COLLIER COUNTY — Conservation Collier would have to cut back on amenities at its preserves to bridge a projected budget gap, a county report shows.
County figures show the taxpayer-backed program will have a $13.8 million deficit by 2020 in its budget for land management if the county completes its wish list for adding signs, boardwalks, trails and parking.
One proposal under consideration would take $7.3 million from the program’s budget for land acquisition and move it to the management budget.
That plan also would cut the amenities budget roughly in half, from $6.7 million to $3.3 million.
Conservation Collier coordinator Alex Sulecki said the plan is based on assumptions about how much money the program’s tax rate will bring into the program and how much amenities will cost.
“Really what you’re looking at is a worst-case scenario, the most conservative scenario,” Sulecki said.

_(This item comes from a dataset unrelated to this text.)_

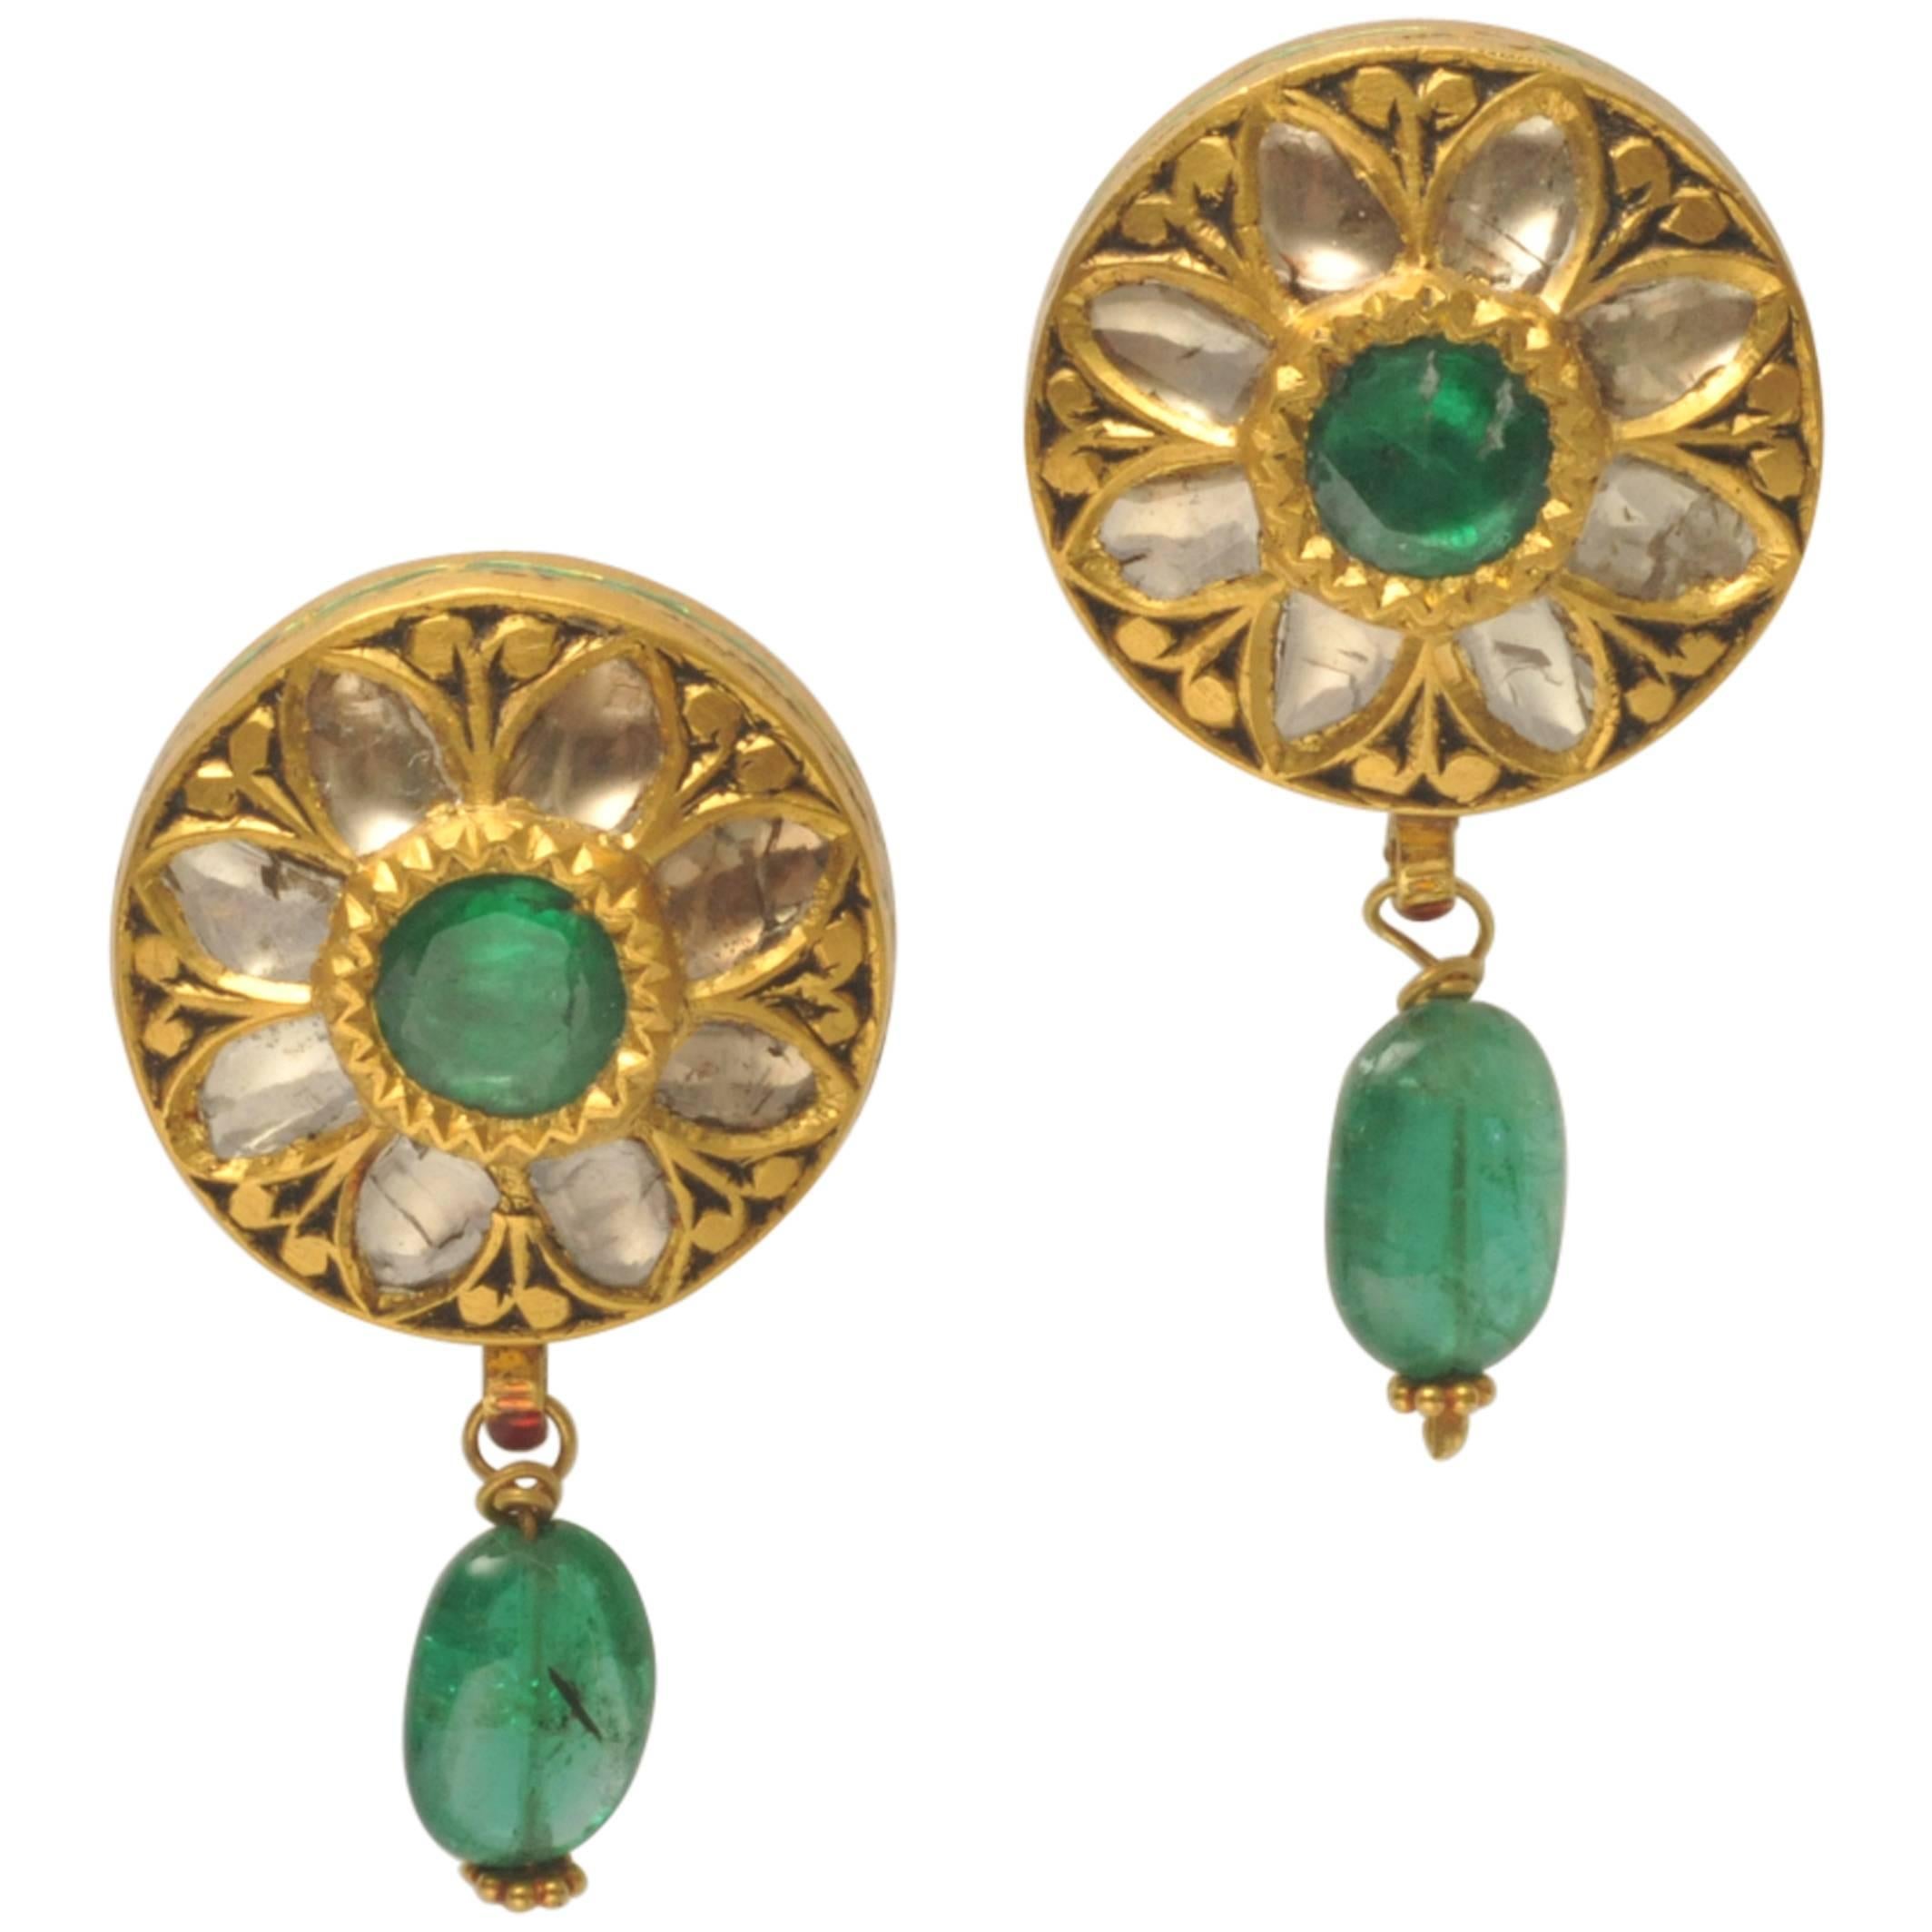 Rare Rosecut Diamonds, Faceted Emerald and 22 Gold Earrings from India, C.1940's

She said the shortfall doesn’t change the program goal of opening all Conservation Collier preserves to public access, only what that access will include.
For example, instead of fancy boardwalks and paved parking, more preserves might have only seasonal trails and shell parking areas.
“They’ll be fairly rustic, but people will be able to get on these lands and see them,” Sulecki said.
A citizens advisory committee for Conservation Collier is planning to prioritize which preserves should get how much access and how soon.
The $7.3 million transfer would leave $3 million in new revenue coming into the Conservation Collier program for land acquisition before the program sunsets in 2013, according to one projection.
The transfer would leave Conservation Collier short on acquisition money at just the time that the program has a chance to snap up good deals in a weakened real estate market, advisory committee member Tony Pires said.
“To miss opportunities now would be very unfortunate,” he said.
Committee members questioned whether there might be wiggle room in the budget projections to allow more money to be kept for acquisition.
Pires questioned whether program managers overestimated what contractors would charge given the lack of work during the economic downturn.
Committee member Michael Delate pointed to a $2.3 million price tag listed in county documents for amenities at the Gordon River Greenway, a system of trails and boardwalks planned along the river between Golden Gate Parkway and U.S. 41 East.
While the final numbers haven’t been worked out, Conservation Collier looks to be shouldering too much of the cost, Delate said.
“I don’t want to pigeonhole us on this one project,” he said.
Voters approved a tax to pay for Conservation Collier in 2002 and voted in 2006 to extend the program until 2013.
The idea is to have enough money in the program’s land management budget when the tax sunsets in 2013 so it can continue to manage the land into the future with interest revenue and grants. To continue the program, voters would have to again agree to tax themselves 25 cents per $1,000 of assessed value.
The program has been setting aside 15 percent of its revenue for land management, but that has turned out to be not enough.
If the county shifts $7.3 million from acquisition to management, it would amount to 19 percent of the program’s revenues over its 10-year life being used for management.
Besides providing amenities, the management budget also pays for maintenance costs such as removing non-native trees and plants.
Sulecki said program backers warned from the start that more money ought to be set aside for management but did not have hard numbers to back it up.
The county’s $32.6 million deal to buy Pepper Ranch in Immokalee last year brought the budget issue to a head.
This summer, county commissioners suspended most new Conservation Collier purchases until 2011.
Since 2002, the program has spent more than $103 million to buy some 4,000 acres all over Collier County.
Four preserves have been opened to the public: Otter Mound on Marco Island; Cocohatchee Creek Preserve on Immokalee Road; Logan Woods at the corner of Pine Ridge Road and Logan Boulevard, and Freedom Park along Golden Gate Parkway east of Goodlette-Frank Road.